The pilot will run for 10 weeks and only cover the M20 and M21 postcodes — home to sought-after suburbs of Didsbury, Chorlton, and Withington which many Mancs dream of calling home one day.
However, those suburbs also contain large social housing estates where poverty is prevalent, including Perry’s Pantry’s home the Merseybank estate, and the Hassel estate in Withington.
Trustee Iyinka Abibi said: “We deliver to private houses as well, there are a lot of people who have lost jobs. But around here they are all social houses, they go all the way to Fletcher Moss Park [two miles away].”

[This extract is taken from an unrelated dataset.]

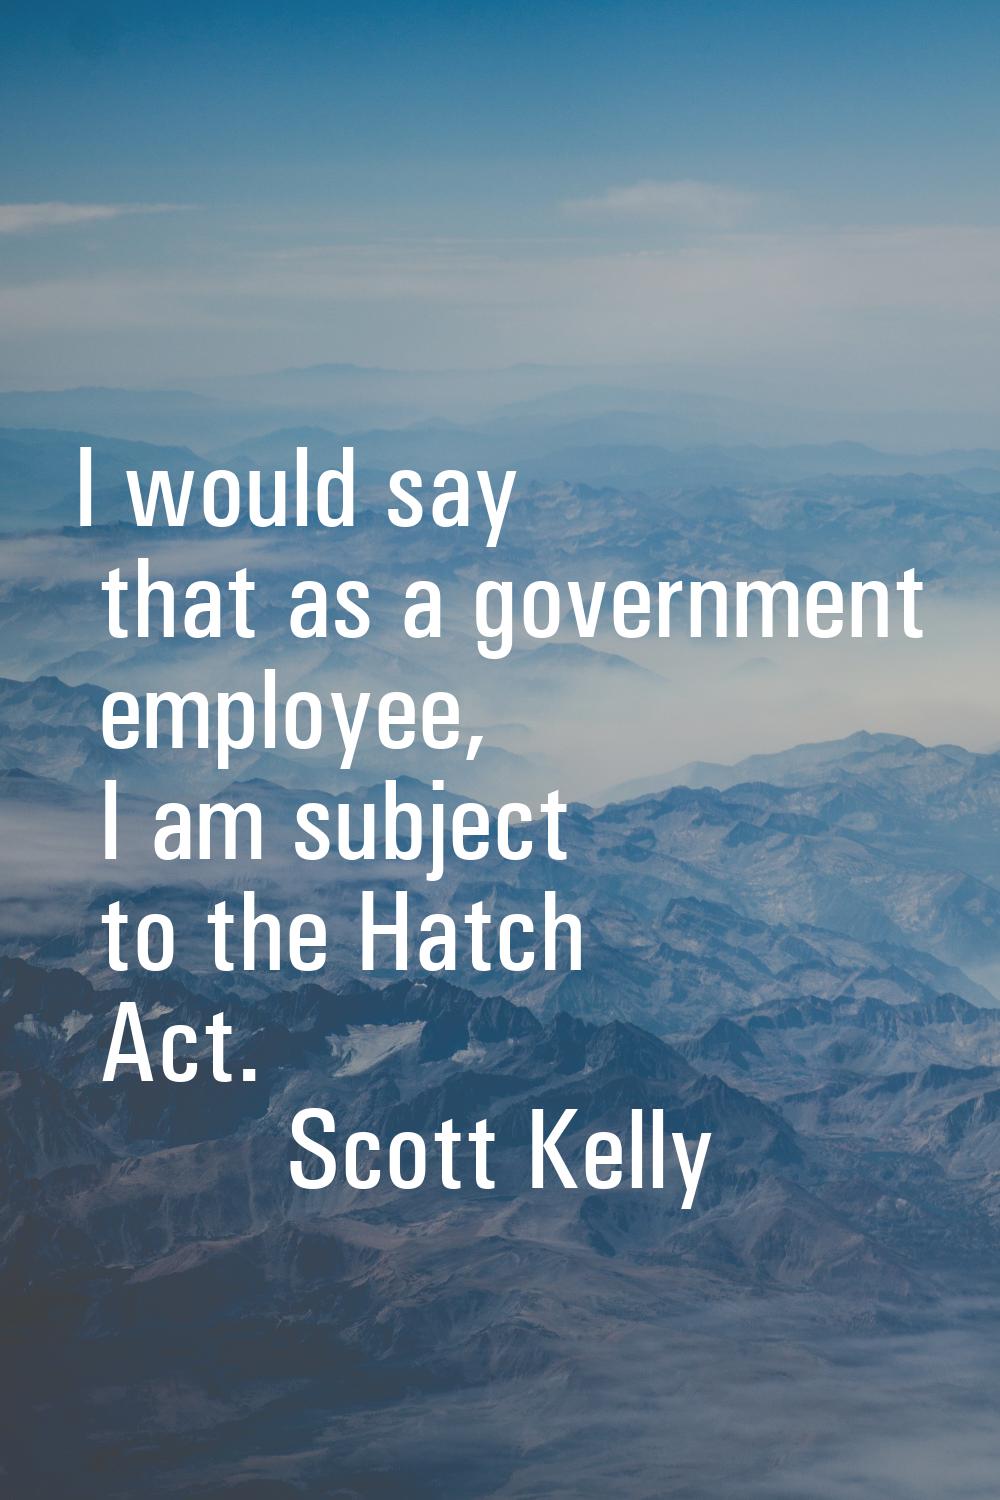 I would say that as a government employee, I am subject to the Hatch Act.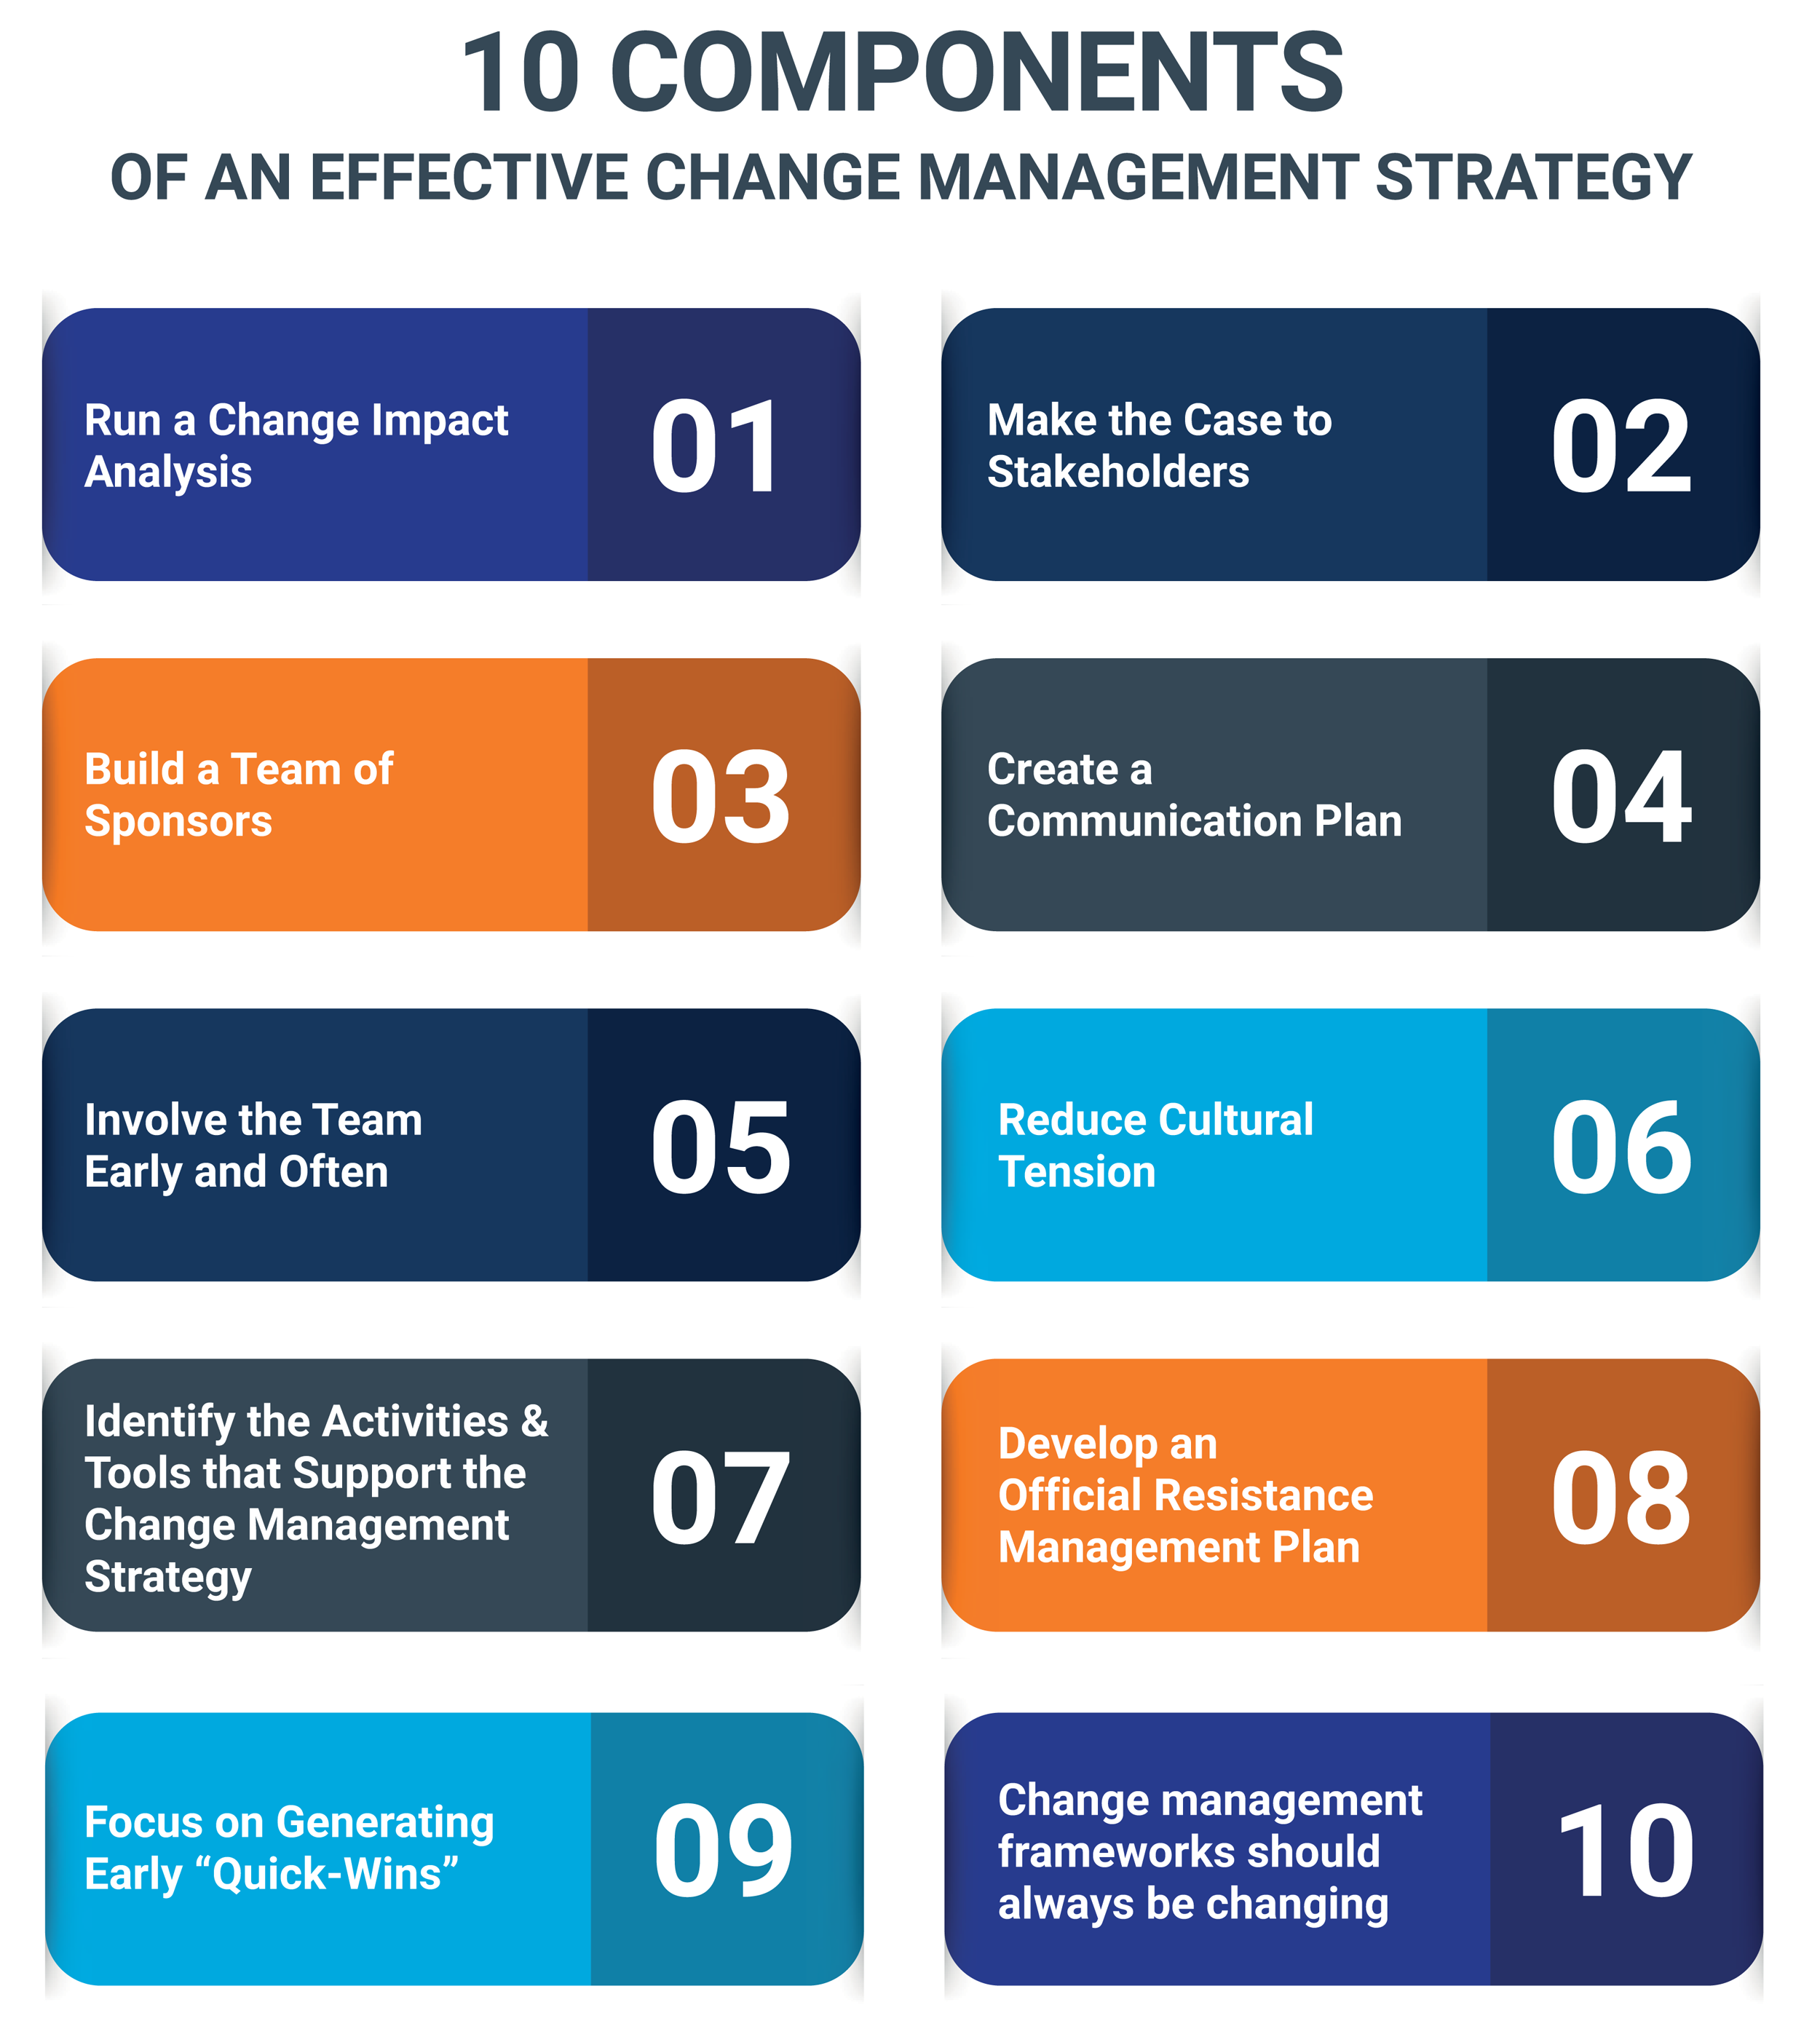 10 Components of an Effective Change Management Strategy | 3Pillar Global

(Image: Manchester Evening News)
For the pilot to become a year-round initiative, the charity will need between £12,000 and £15,000 annually. The charity hopes to achieve that with more funding from big organisations after housing associations Mossacre St Vincent’s and Southway, and supermarkets Sainsbury’s and Co-op, chipped in to get the pilot off the ground.
“Every time you go to the Co-op and spend £5, you can vote for a charity to benefit,” Ms Abibi explained. “We need people to vote for us and depending on that vote we could get anything from £500 to £5,000.”
The pilot also received the baking of Lord Mayor Coun Carmine Grimshaw, who visited the food bank on Thursday (August 14). He said: “It will benefit older people. I was delivering food in lockdown myself, in that situation if you have a disability it’s a big thing.
“You can tell they will not just drop the bag at the door, you can see what the people are like. They genuinely care. We’re all about that, but often we do not have the time to be. It will be quite beneficial. It will be a big thing.”